Sunday, June 14, 2026

PROTEST & PROGRESS - The Peasant's Revolt

My purpose in writing this Protest & Progress blog post, is to explore for myself the history of English Protest Movements. What effect they had, and the changes they may ( or may not ) have instigated. Today, it's The Peasant's Revolt.


1381 - THE PEASANT'S REBELLION
You would not want to have been born into the 14th century. A century where The Great Famine was followed by The Black Plague, and it's estimated half the population of Europe died. If you survived through all of that you were either extraordinarily lucky, a wealthy recluse, or both. The consequences of these disasters upon social cohesion, was devastating. The feudal traditions of deference, the economic contract and hierarchy between lord and peasant, neared the point of collapse. 

For those who survived there were certainly increased opportunities.
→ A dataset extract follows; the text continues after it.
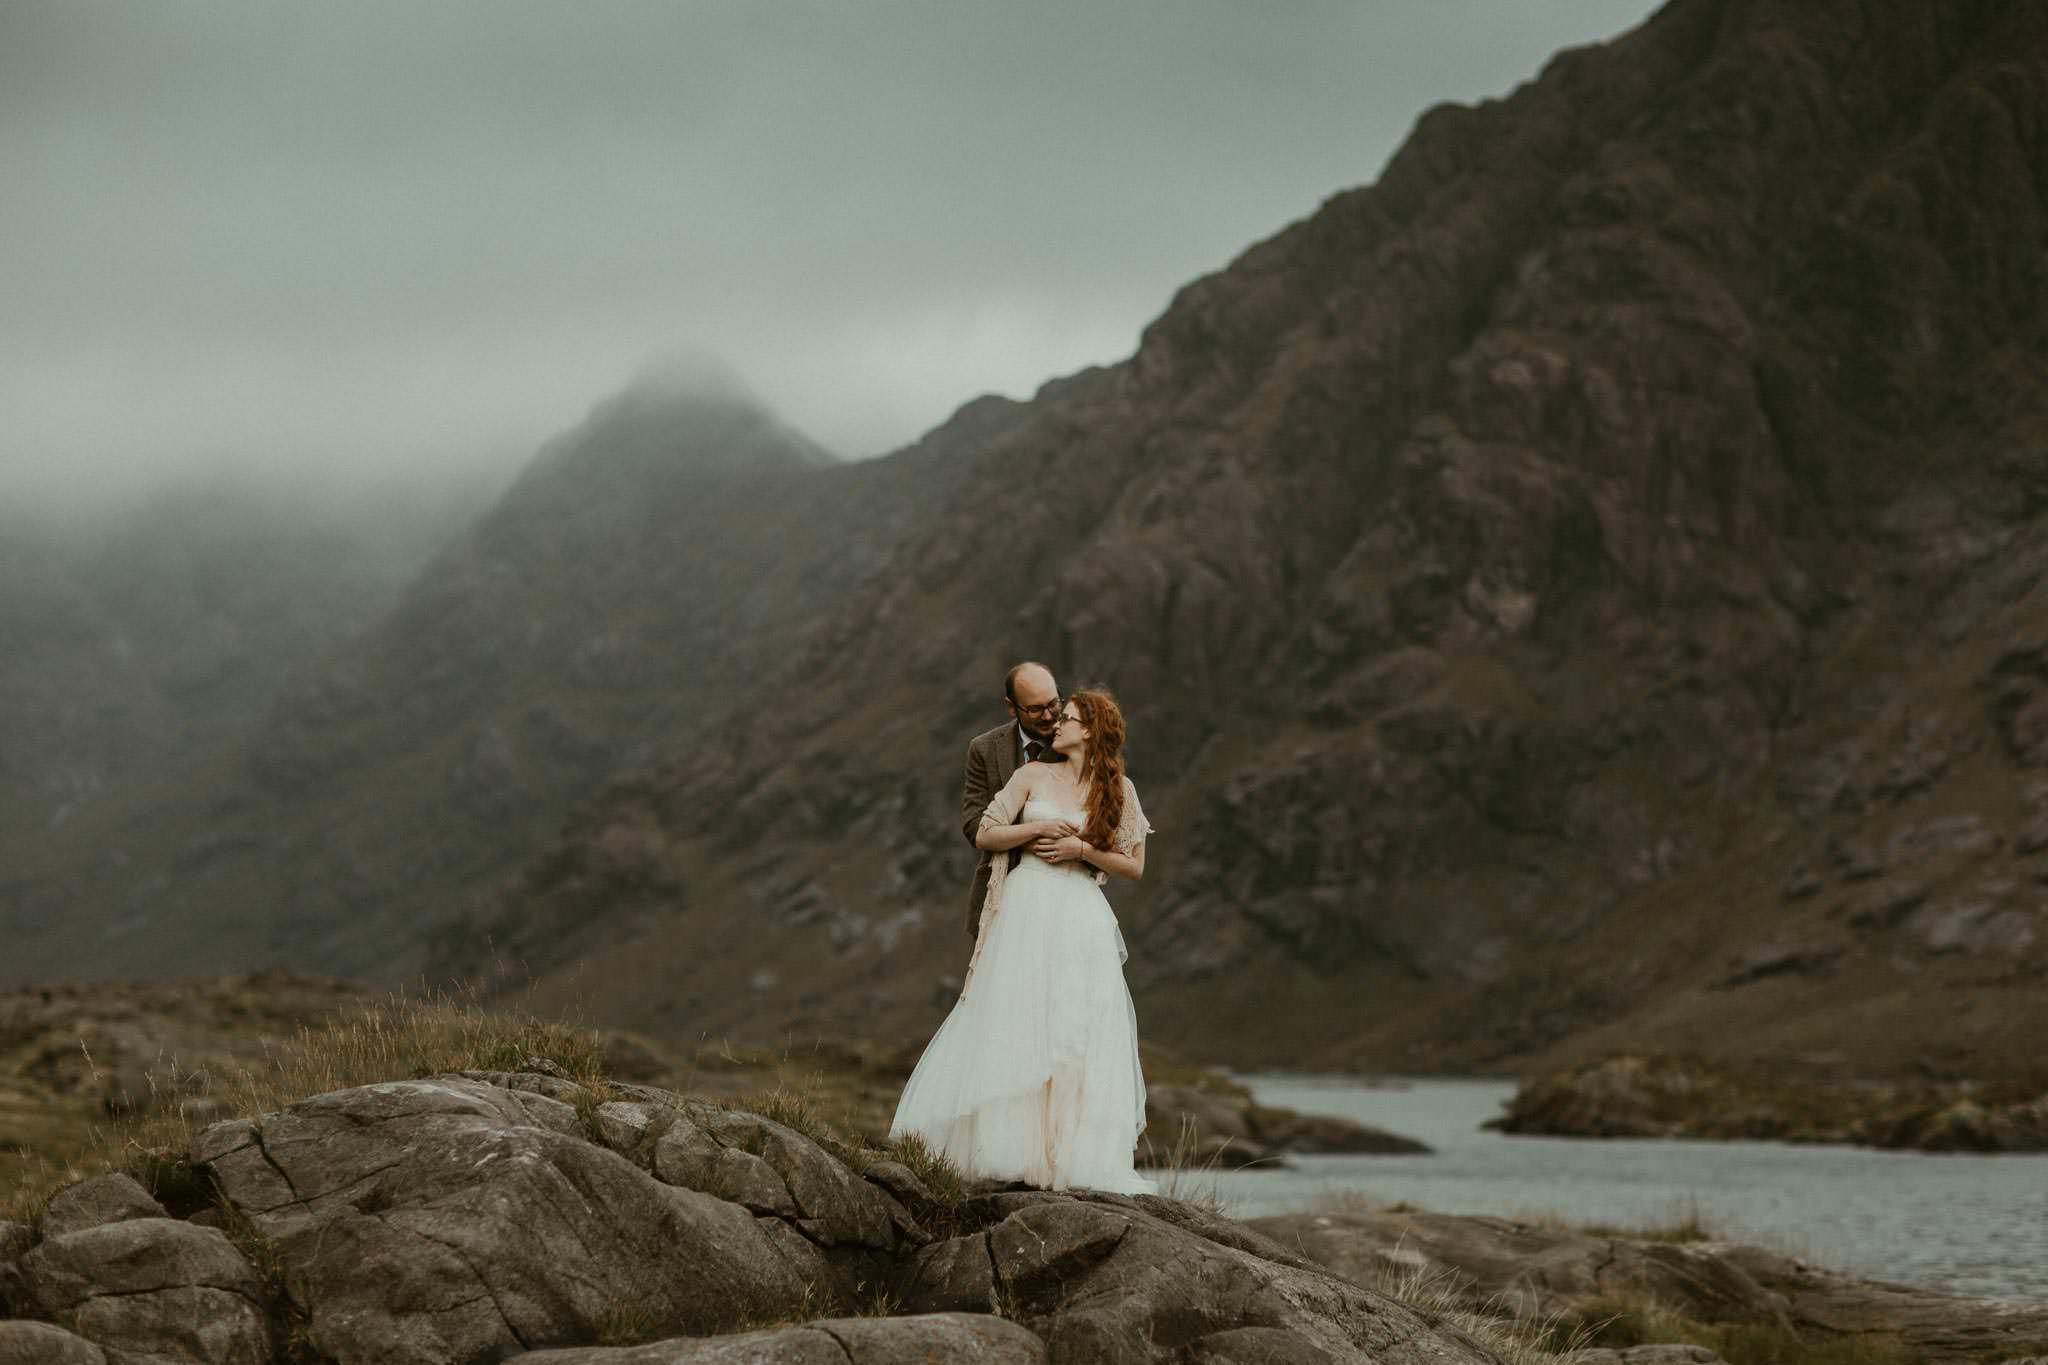 isle-of-skye-elopement-wedding-064

The pool of skilled workers was much reduced, this meant those with a trade could name the price for employing them. People found they were able to improve their status in life, through their own efforts. The wool and weaving trade in England was in the middle of a huge boom, and a new bourgeois merchant middle class arose. The beginnings of what was to become The Renaissance started at this time. So on the surface at least, Europe and England were on the way to bouncing back better.

However, the aristocracy, monarchy and religious institutions, behaved as if these social changes were immoral, needing to be halted and reversed. They introduced a cap on wage rises, and brought in sumptuary laws to prevent people from lower classes, however rich they were, from buying certain types of goods. Rural workers began exercising their new found economic power by banding together and refusing to do work at their lords bidding. Riots broke out in Bury St Edmunds and Norwich, over the high handed and exploitative nature of the monasteries in their local economy. Hiking up the price of tithes, and land rents. Strips of land that peasants had once farmed, if the family had died out, were often embezzled by other landowners and enclosed into much larger field systems. Some peasants, now without a means to support themselves, were forced into vagrancy. Vagrancy was then criminalised. If you were poor, you really could not win. The cost of the Hundred Years War with France rattled on, and pressure from increasing taxes made the people resentful. Not to mention the cost of living itself constantly rising. England was a tinderbox primed to explode.

What triggered the revolt was high-handed tax collecting. The king had introduced a poll tax, and one man John Bampton was employed to collect unpaid arrears in Essex. A revolt broke out, quickly spreading throughout the south east of England. They burnt county records and set people free from prisons. Wat Tyler decided to lead a contingent of rebels, that gathered ever more people as they marched towards London. They had a number of clear requests - they wanted the taxes upon them reduced, the end of serfdom, and the removal of the King's senior officials and the law courts.

On reaching Blackheath, they were met by royal officials aiming to persuade them to return home. This failed. The protest progressed through the city, destroying palaces, law books, buildings in the Temple and killing any royal officials they by chance encountered. The next day, the fourteen year old King Richard met the rebels at Mile End agreeing to all their demands. This only momentarily placated the peasants, who continued on their path of wanton destruction, taking the Tower of London. So the kings agreement of the previous day, was definitely off. Two days later a militia captured Wat Tyler and other rebel leaders, killing them all. By then the revolt was spreading into East Anglia, the Midlands and North as far as York. What followed was a swift and brutal suppression across the entire country to extinguish any remaining fires of revolt.

On the surface The Peasant's Revolt, achieved none of its stated aims. But what it did do was exemplify to ordinary people the power of collective protest. Also, it gave them a sense for how near traditional economic and social hierarchies were to collapsing. Social class began to feel it was not so rigidly fixed as previously. Deference towards nobility could no longer be assumed. This was of deep concern to the institutions of the establishment. There were now consequences for taking the compliance of their citizens too much for granted. 

As is often the case when those in authority lose public credibility, they never capitulate fully, as this might look weak and set a dangerous precedence. So they do only the absolute minimum to save face. The whole idea of the poll tax was in effect unenforceable, so was quietly dropped. The unpopular expensive foreign war was scaled back momentarily. And whilst serfdom continued, it was actually already in decline, as a knock on consequence of severe famine and plague. By the 15th century serfdom had totally vanished.

For the ordinary folk of England, the Peasant's Revolt, in the future, became the role model for what power, agency and acting collectively in great numbers, looked like. And increasingly over the next century they would return to flexing their right to protest in this way. To actively campaign for things to either cease, be restored or changed. Heads could now roll.